Nous avons vu que la transposition au cinéma des codes de la Passion


théâtrale et picturale ne faisait que renforcer cet aspect « grouillant » et
« confus », qui ne pouvait que solliciter une lecture topologique de
l'image cinématographique. Cet aspect du cinéma primitif est
absolument décisif notamment lorsqu'on cherche à définir ce qu'il pouvait y
avoir de constant dans un éventuel « mode de représentation primitif » .
Il est remarquable, en particulier, de constater que, si des efforts certains
avaient été accomplis en vue de simplifier, de dépouiller le plan
d'ensemble primitif afin d'en faciliter la lecture (efforts qui font écho
aux fonds noirs de Dickson chez Edison, même dans le travail d'un
cinéaste comme Porter, où ce souci de dépouillement apparaît très
clairement et très tôt), le plan d'ensemble « grouillant de monde », et qui
exige (du spectateur moderne tout au moins) des visions répétées pour
en épuiser — parfois même simplement pour en déchiffrer — le contenu,
continue à se perpétuer très généralement jusqu'en 1906 au moins.
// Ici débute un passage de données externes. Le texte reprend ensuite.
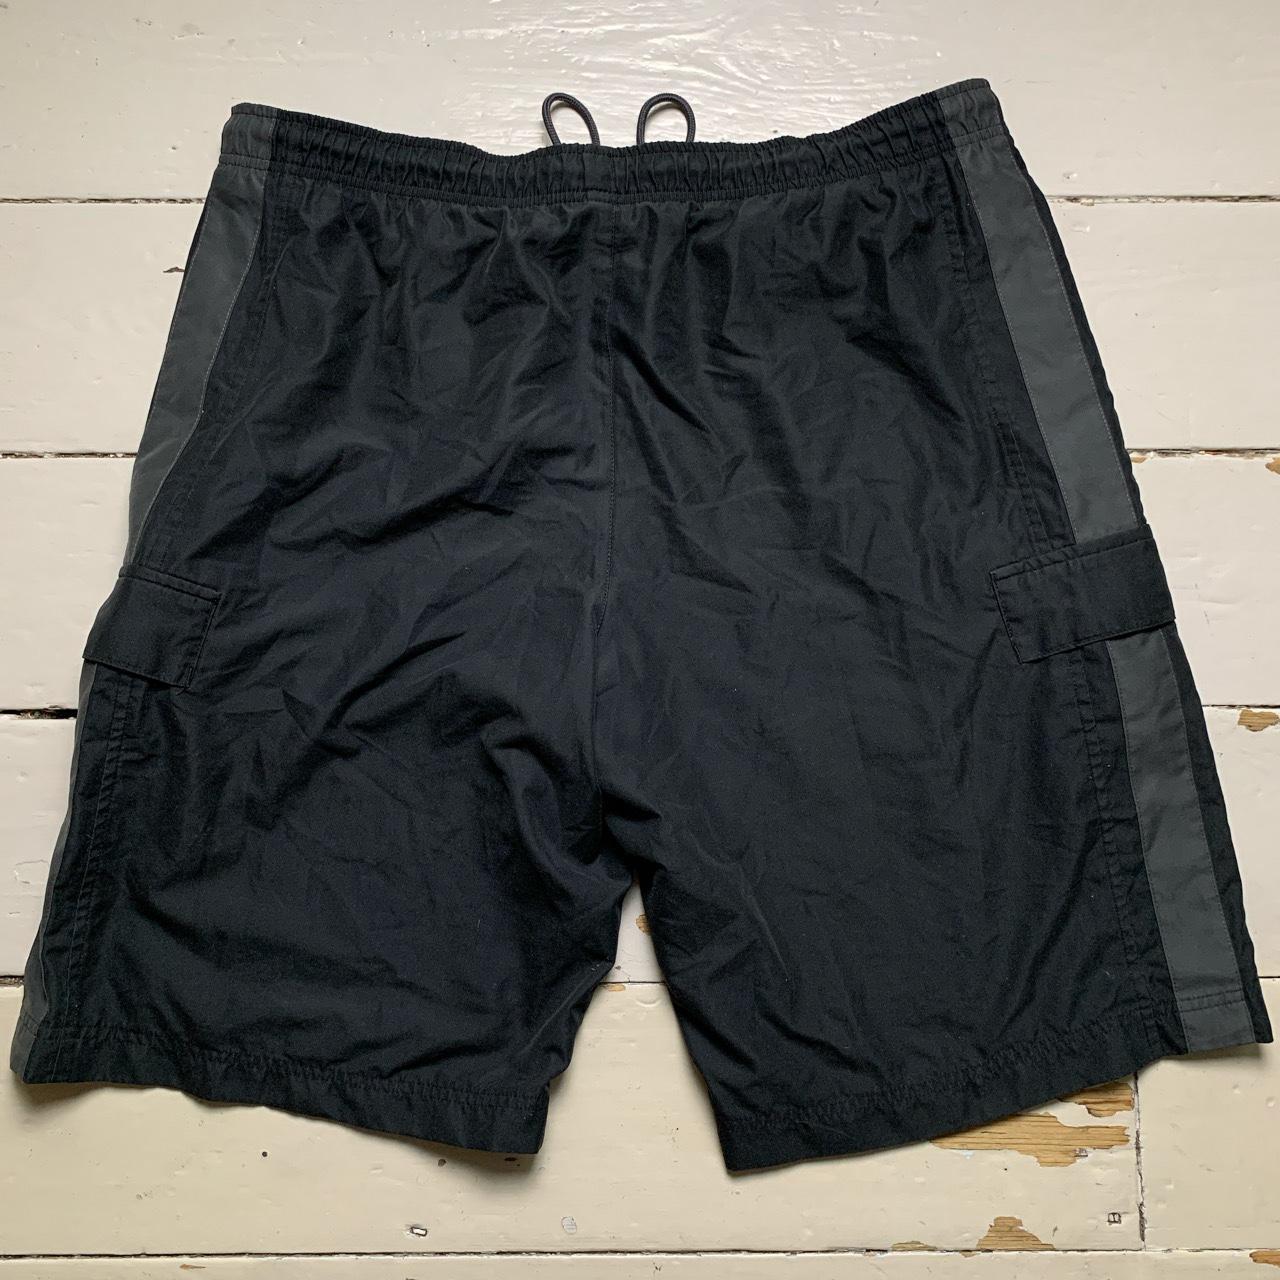 Nike Vintage Cargo Shell Shorts Black and Grey Swoosh

Citons des exemples pris dans le cinéma américain, qui avait certes « du
retard » par rapport au cinéma anglais et français à cette époque encore,
mais qui ne s'en adressait pas moins déjà au public de loin le plus
important de tous les pays producteurs (il est vrai que ces films étaient
peu exportés). Rube in the Subway (Un péquenot dans le Métro) de
1905 (Biograph) nous montre, en un seul plan, un décor fort ingénieux
avec des trains qui arrivent et repartent à droite et à gauche d'un quai
central au bout duquel s'élève un escalier. Dans cet espace extrêmement
exigu, une foule considérable va et vient : parmi elle, le péquenot vit de
menues aventures comiques que la plupart des spectateurs modernes
seraient parfaitement incapables de déchiffrer en une seule vision du
film. Certes, le personnage du péquenot reparaît dans plusieurs films, et
ici le phénomène de la reconnaissance pouvait aider au déchiffrement 10.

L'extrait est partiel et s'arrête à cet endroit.